The area around the Bay of Bengal is known for its intense tropical storms, made worse by the low elevations and dense population around Bangladesh. It's no surprise that the area — back when the country was known as East Pakistan — was home to the deadliest storm in recorded history. On November 12, 1970, a tropical cyclone battered Bangladesh, claiming anywhere from 300,000 to 500,000 lives, which is more than any tropical storm before or since (via Live Science).

Named after one of the first islands it struck, the Bhola cyclone pummeled Bangladesh and India with wind speeds around 130 miles per hour, equivalent to a Category 4 hurricane. Before the storm arrived on land, the area was drowned underneath a 35-foot storm surge that decimated the low-lying lands and caused widespread flooding and destruction. To make matters worse, a lack of evacuation coupled with the arrival of rice harvesters led to the eye-watering death toll, with some experts warning the half a million lives lost might be the minimum rather than the maximum.

Many residents had nowhere to go

According to the NOAA, methods for determining the potential strength of a cyclone in its early stages were just developed and at the time they were only used in the United States. Political tensions between India and Pakistan could have also affected communications, although Pakistani authorities did give warning to its residents a day before landfall. Very few evacuated, either underestimating the storm or lacking access to appropriate shelter. The storm killed nearly half of the city of Tazumuddin and left behind $86 billion in damages before quickly dissipating (via The Weather Channel).
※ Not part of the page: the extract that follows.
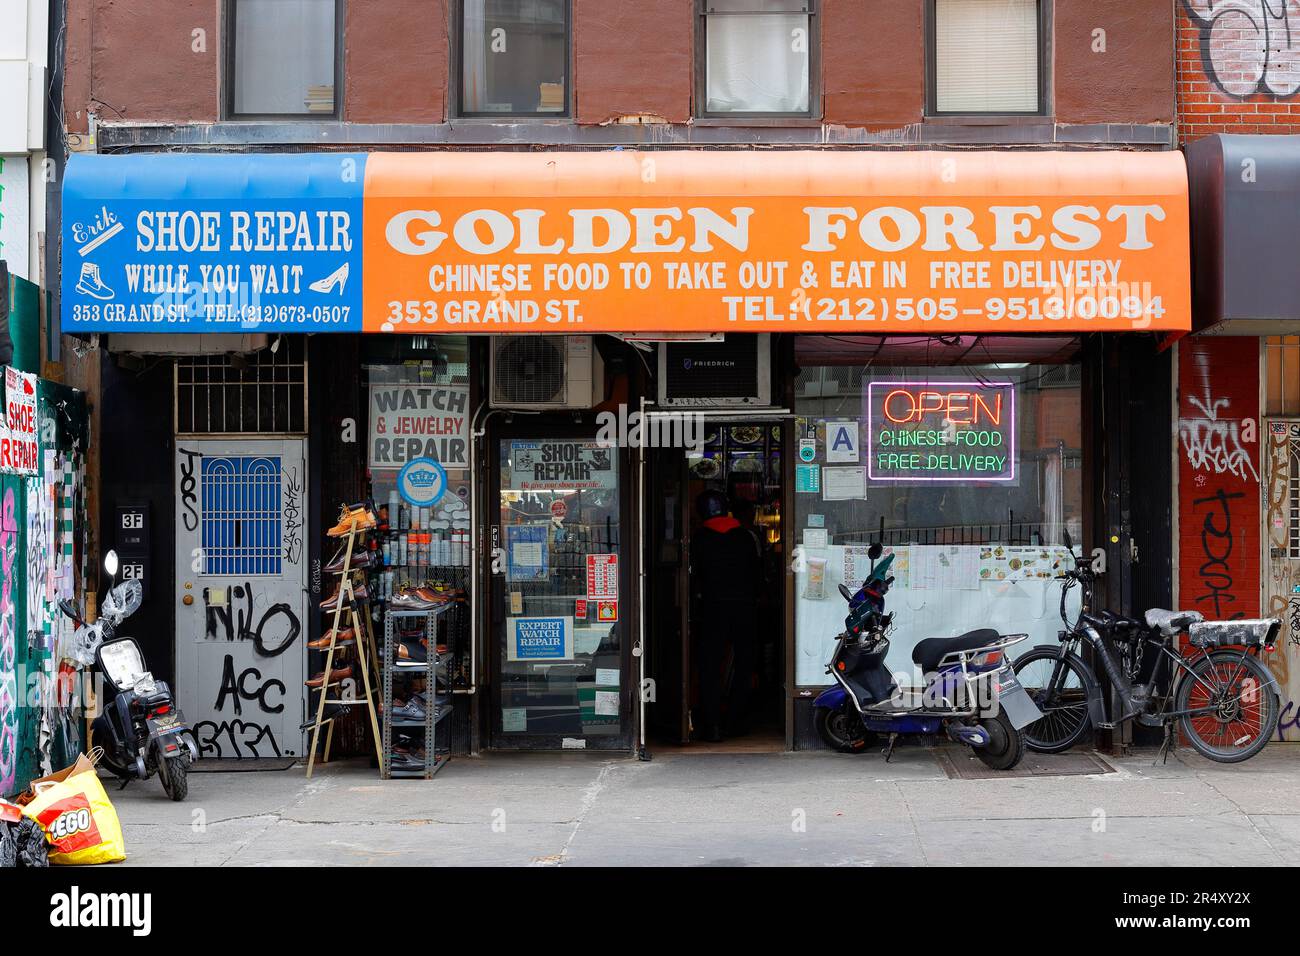 Erik Shoe Repair, Golden Forest, 353 Grand St, New York, NYC storefront photo of a shoe repair, and Chinese takeout restaurant in the Lower East Side. Stock Photo

India offered to help with rescue and repair, but the Pakistani government refused and was slow to help the devastated area. This refusal led to uproar, and within months the opposition party had secured a key victory in East Pakistan. Within a year, East Pakistan had declared its independence and became the nation of Bangladesh that still stands today. While stronger storms have passed through the Bay of Bengal and the world at large in the decades since, none have had the deep and tragic effects on life and politics as the 1970 Bhola cyclone.